Work item: Pictures stay out of the copy, and everything else in the data below is repeated exactly.

*** Exercise data ***

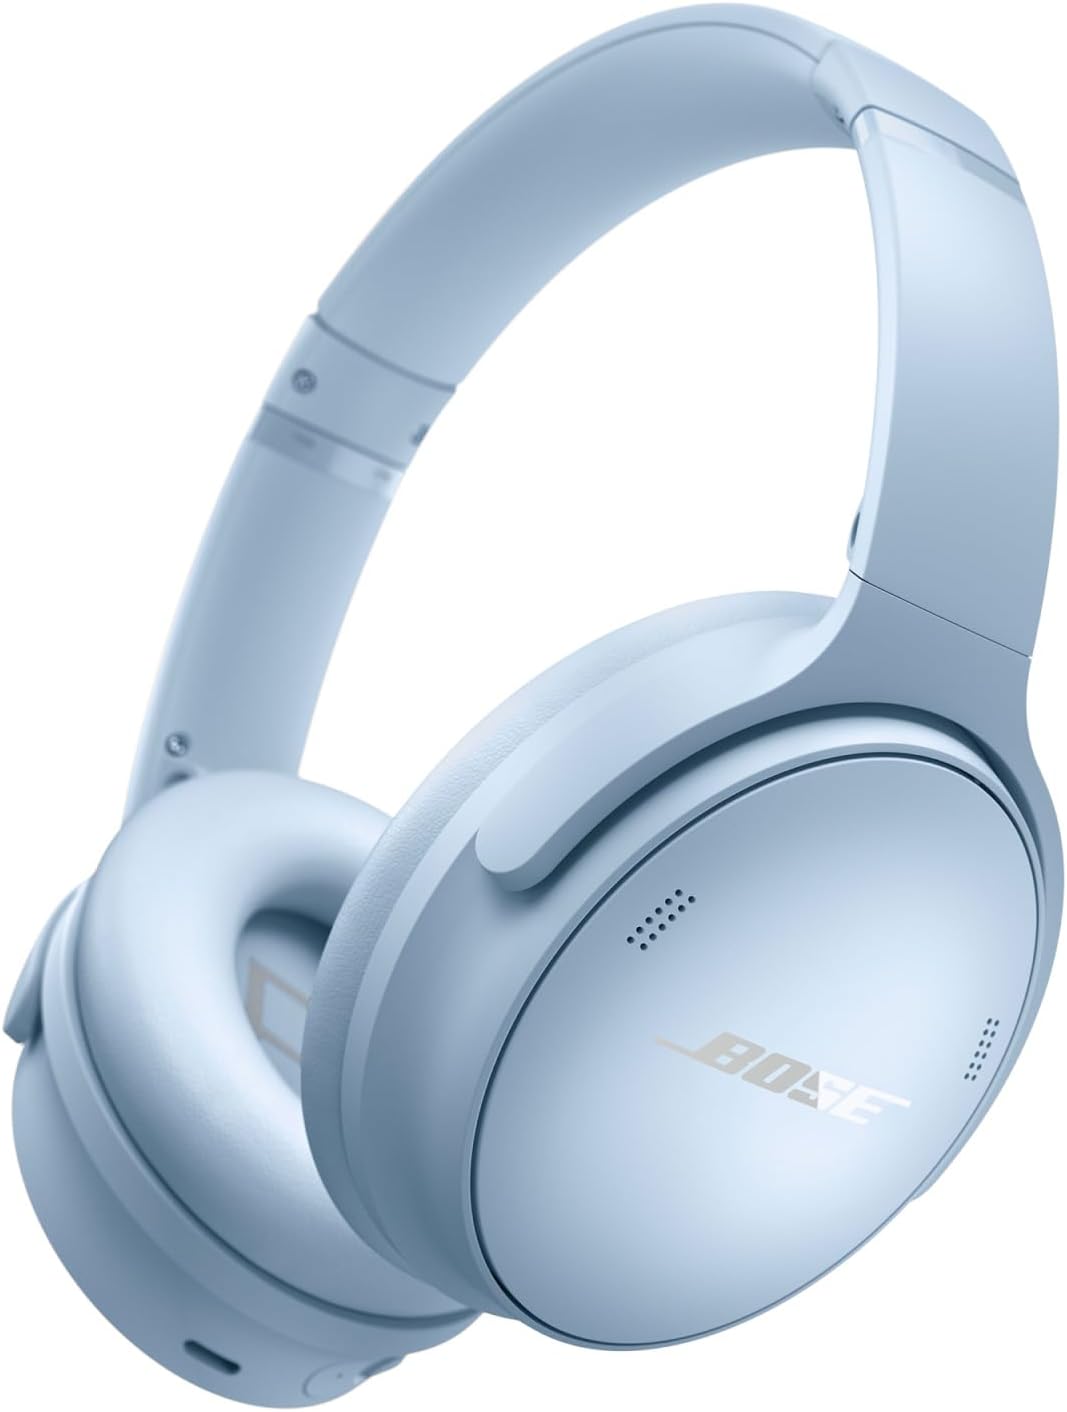 QuietComfort Wireless Noise Cancelling Headphones - $249.00
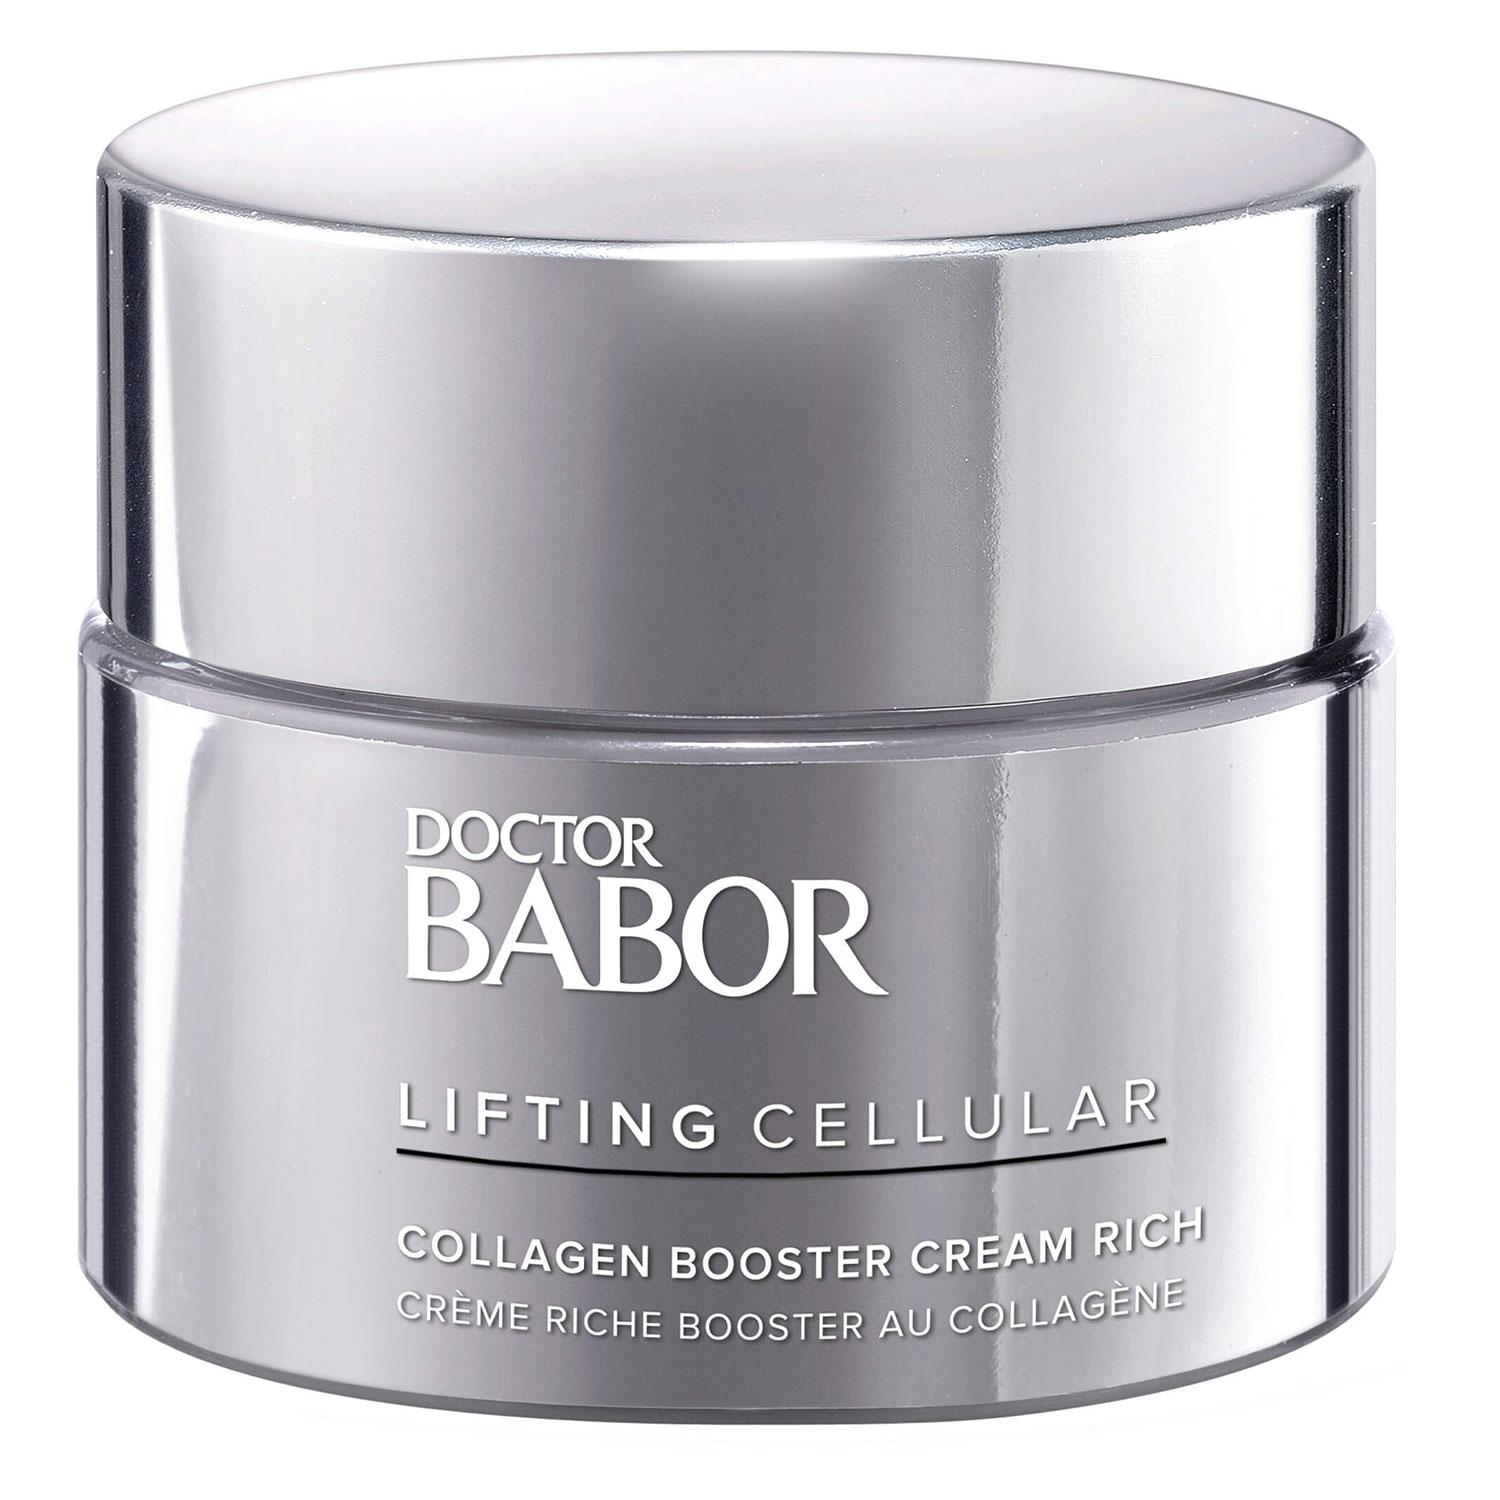 DOCTOR BABOR - Collagen Booster Cream Rich
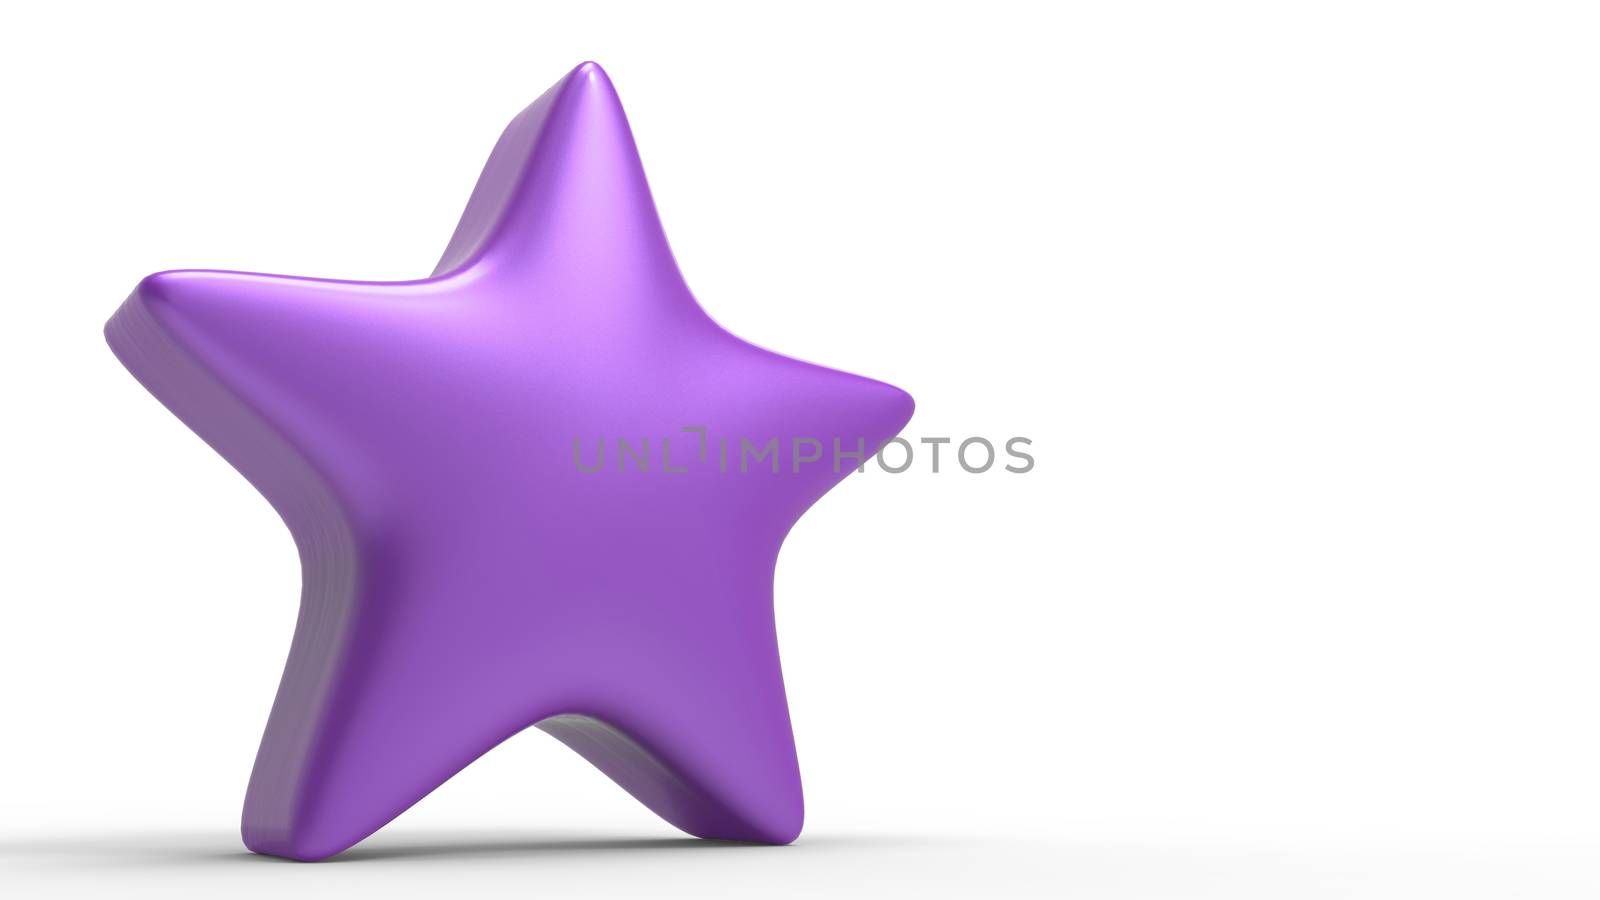 3d violet star on color background. Render and illustration of golden star for premium reviews by Andreajk3

*** End of Exercise data ***

Answer area:
 QuietComfort Wireless Noise Cancelling Headphones - $249.00
 DOCTOR BABOR - Collagen Booster Cream Rich
 3d violet star on color background. Render and illustration of golden star for premium reviews by Andreajk3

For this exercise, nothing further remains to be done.